PHOTO BY JOSH "CURIOUSJOSH" REISSWest Hollywood horrors got nothing on the Red Line.
True, it was Halloween, trashy stepsister of cold-season holidays. And the scene above ground was no less out of control: The LAPD reported 39 arrests, compared to TWO among the quarter-million revelers in West Hollywood next door. (Sigh. If only all the little Hollywood dreamers wishing on a crystal-clear Midwest star could see the nastiness that was the Boulevard at 2 a.m. last night.)
But when isn't our supposed Tinseltown in some phase of Halloweendom?
In late August, another stabbing occurred on an actual Red Line train as it was pulling into the station at Hollywood and Vine. That time, the attack was fatal.

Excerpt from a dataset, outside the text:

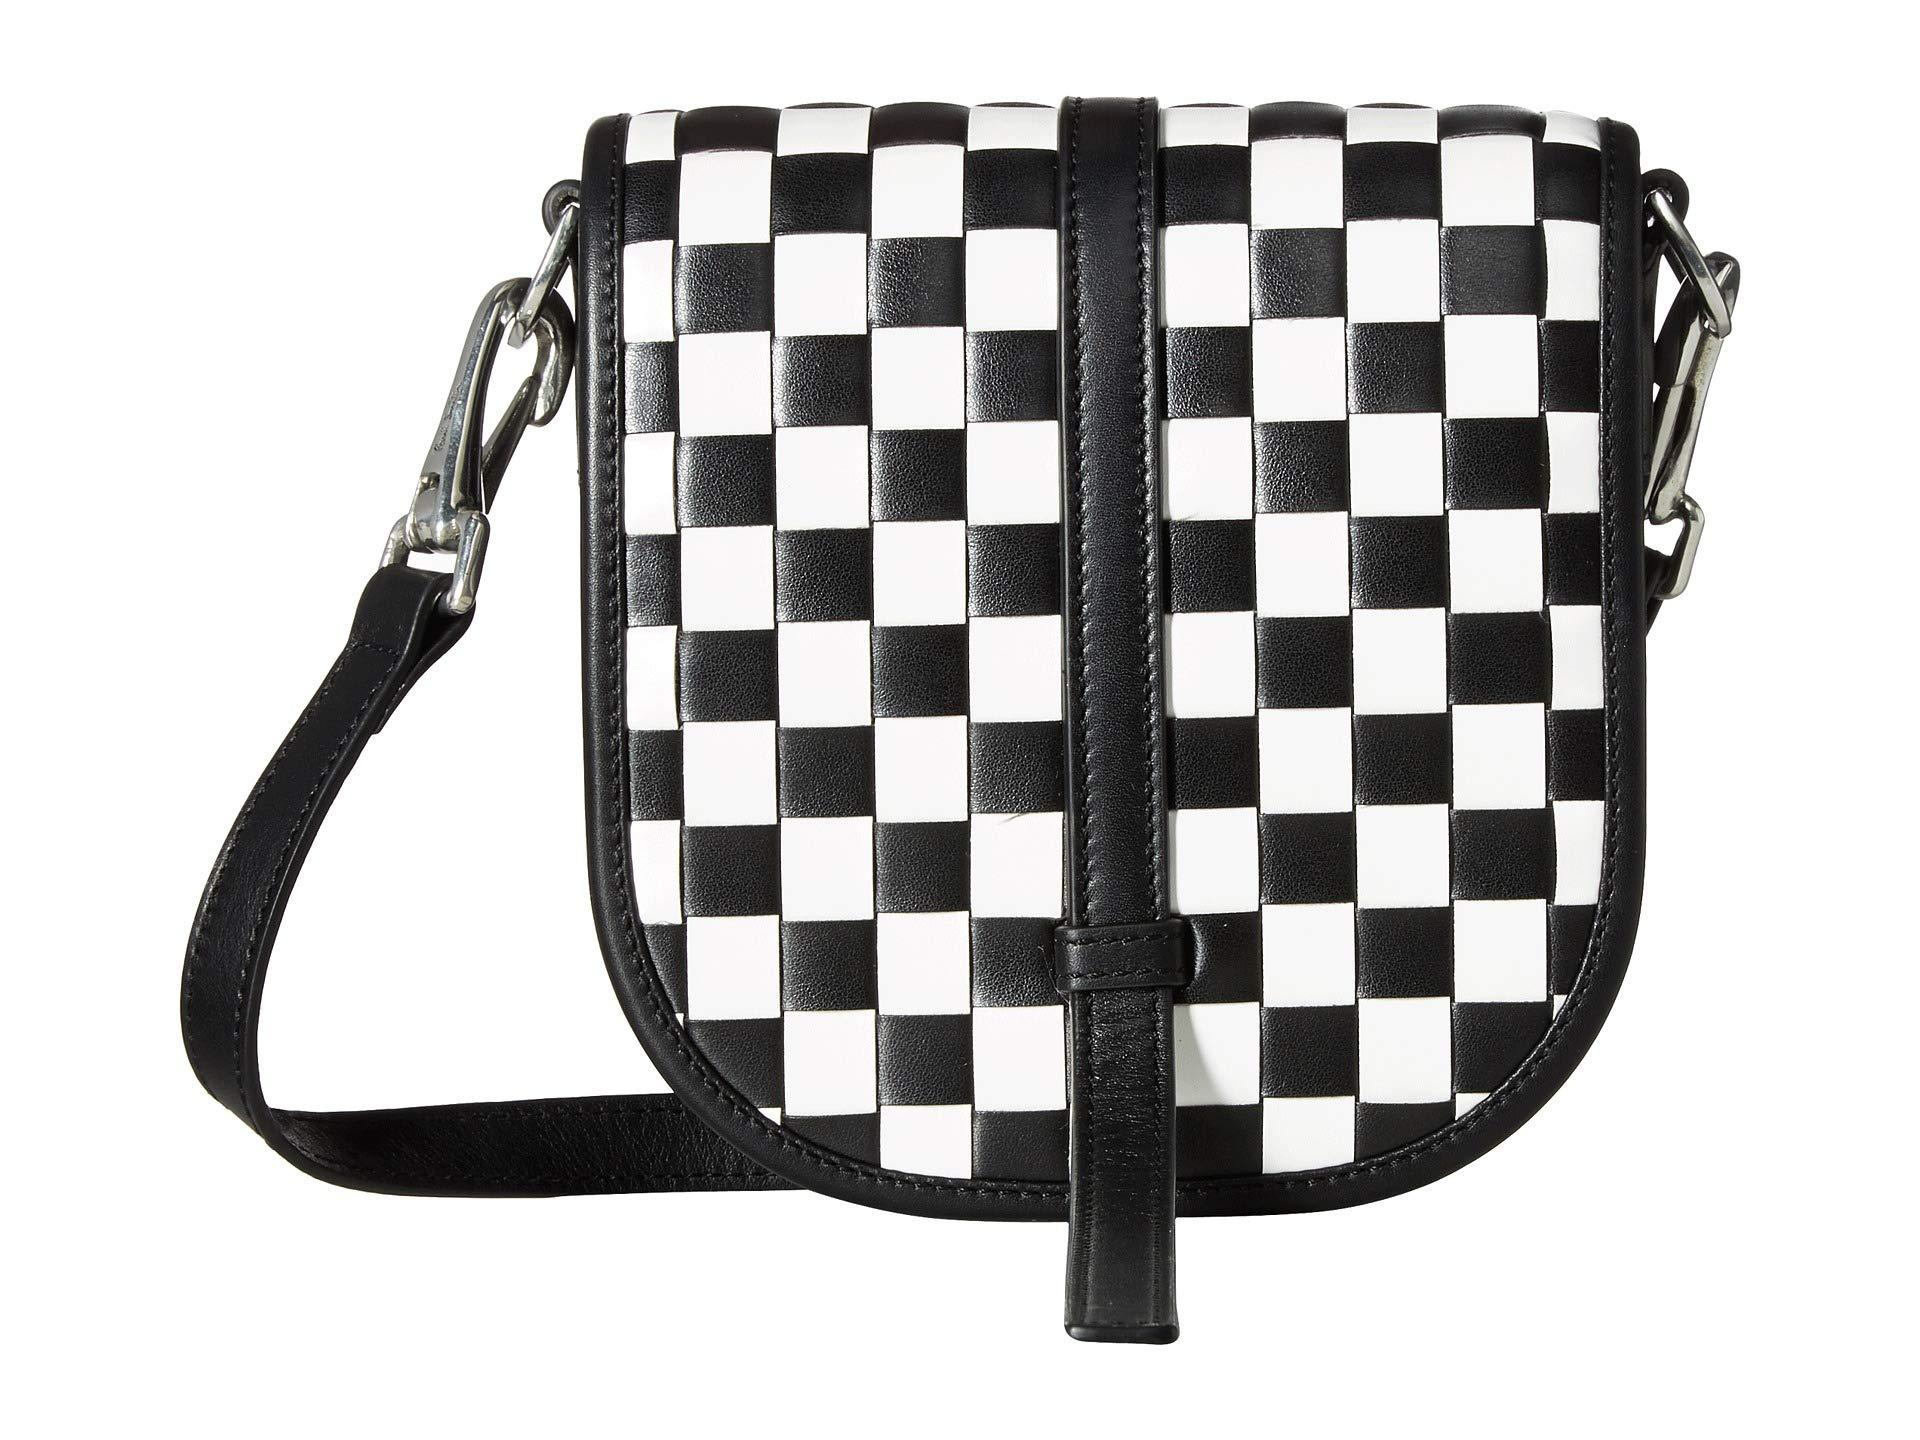 Lyst - Paul Smith Checkerboard Mini Satchel (black/white) Cross Body Handbags in Black

Aside from the Blue Line, which runs down through one of the poorest and most crime-ridden parts of L.A., the Red Line has the most arrests and citations in our city's subway system. In response to the summer stabbing, Metro released the numbers for July -- 36 reported crimes, 178 arrests and 2,100 total citations issued.
Local activist Stephen Box (big on bikes and government accountability) blogged a thorough shaming of the Hollywood and Western station back in September 2009. He called it "No Man's Land." Because the L.A. County Sheriff's Department is in charge of all Metro property, this little island in LAPD territory seems as wild and un-patrolled as if it were in the middle of the Pacific.
From Box's post, still relevant two years later:
The Metro's Red Line stations are all unique, each one decorated with public art that reflects the character and personality of the surrounding community. At Hollywood & Western, the Metro selected overflowing trashcans, human waste and a homeless encampment, all in tribute to the "No-Man's Land" status of the area that finds the LAPD and the LASD treating the Metro station like a jurisdictional hot potato.
This past Saturday evening, arriving at the Metro Station a little after midnight, we discovered five of the six escalators inoperative. Proponents of the "Broken Windows" theory would suggest that this "indicator" communicates a complete lack of oversight.
In a classic L.A. conundrum, sheriff's officials told Box that "the LASD only handles the Metro Station itself, not the surrounding property." Then an LAPD watch commander told him the exact opposite. ("In fact," wrote Box, "we discovered that night, the Sheriff's surveillance cameras don't even cover the third level of stairs." Sweet! Prime spot for a wee-hour stabbing!)
Which brings us back to this morning. City News Service reports that "the station was closed for a time, and buses were brought in to accommodate affected passengers. The trains remained in service, but they bypassed the closed station."
How very bleak, and fitting. L.A. City Council President Eric Garcetti, who oversees the area, calls it elegant density. But developing a neighborhood for daytime suits in their towers and nighttime hipsters on a glitz binge does not a community make. Especially when no local lawman wants to take responsibility for cracking down on its problem spots. Welcome to Hollywood, y'all!